The Via Porphyrites follows three major systems of wadis, or streambeds: Wadi Belih, Wadi al-Attrash and Wadi Qena. Between the first two, it crosses the divide between the Red Sea watershed and that of the Nile. From Wadi Belih, there are two approaches to the quarry. One is a winding route up Wadi Umm Sidri and into Wadi Abu Mu'amal ("Workplace Wadi"), and it is this route that the oxcarts followed.
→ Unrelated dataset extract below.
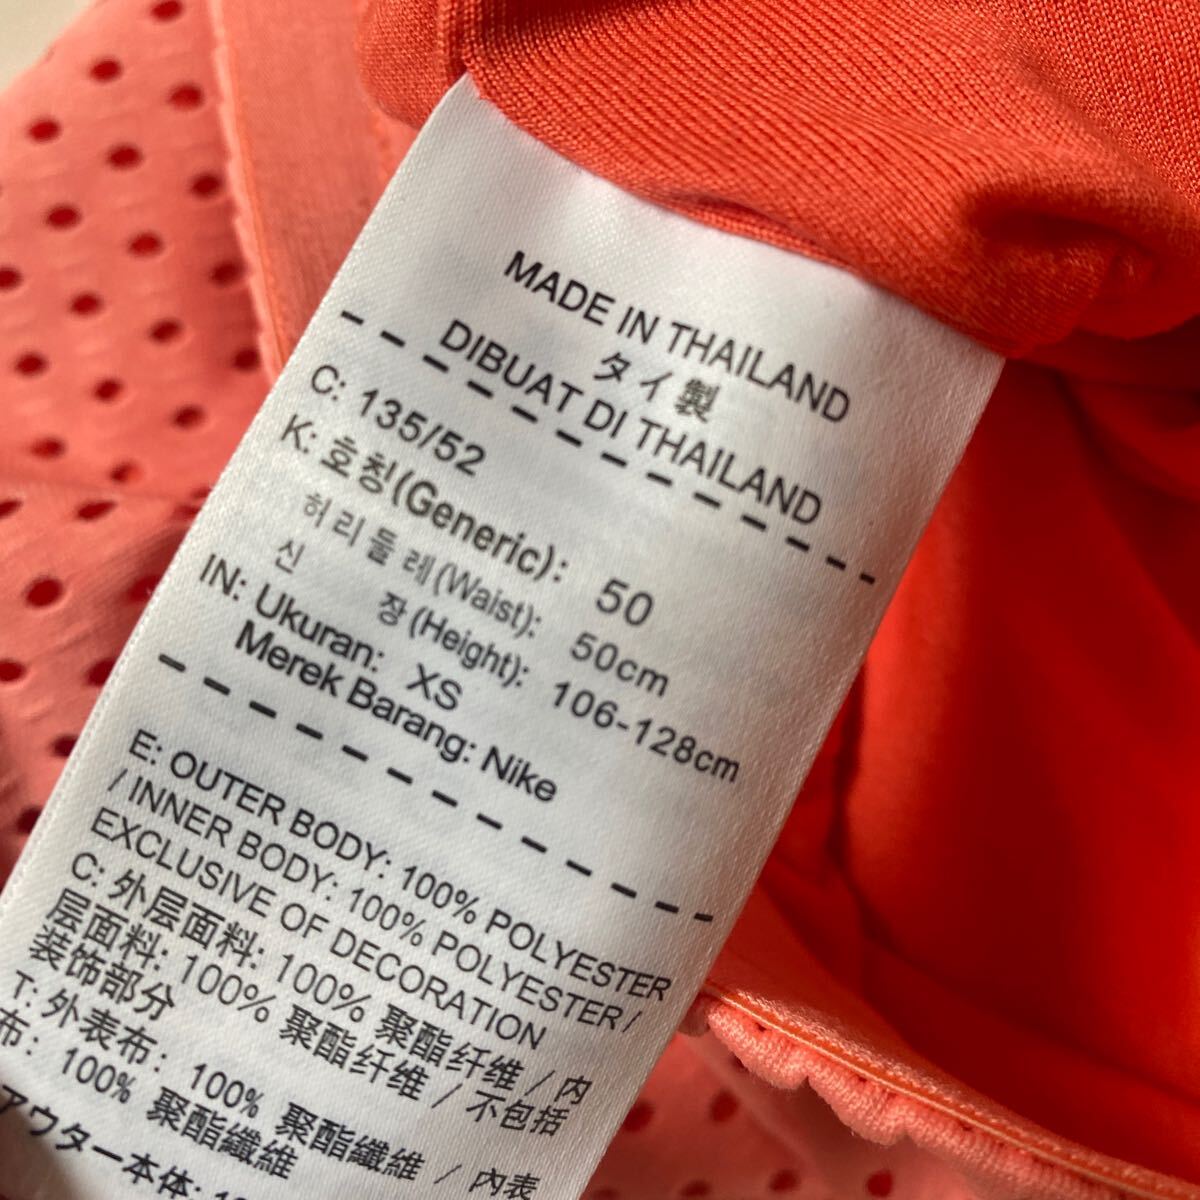  распродажа быстрое решение 1 иен Nike прекрасный товар сетка обработка шорты размер XS( запись 135|52) подкладка есть

The other is a steep but more direct footpath over a 950-meter (3000') pass.



Coptic Cultural Heritage

Monastery and hermit caves at Wadi Qattar

 

The Christian Monastery at Qattar - Nagaat is situated in the Nagaat Canyon of the Qattar mountains, between Mons Porphyrites to the north and Mons Claudianus to the south.

 

Sir John Wilkinson's 1825 AD described the Wadi in the "Journal of the Royal Geographical Society". Nagaat was home to a Christian anchorite community, founded by runaway slaves from Mons Porphyrites and hermits in the fourth century.

 

Rock church remains in perfect condition, except for a missing roof.

 

An inscription, now removed to Cairo shows that it was built by Flavius Julius when Hatres was Bishop of Maximianopolis in the year 339 AD.

 

In a fifth-century history of Christian hermits written by Palladius, one can read the first-person account of a man named Posidonis: "I live in the Porphyry area for one year. I met no one, not heard a voice, not eaten bread. Only wild honey and dates kept me alive. Once this food was no longer available, I decided to go back into the world of humans. I discovered a Roman and immediately flew to my cave. On the way, I found fresh figs, which made me happy for two months".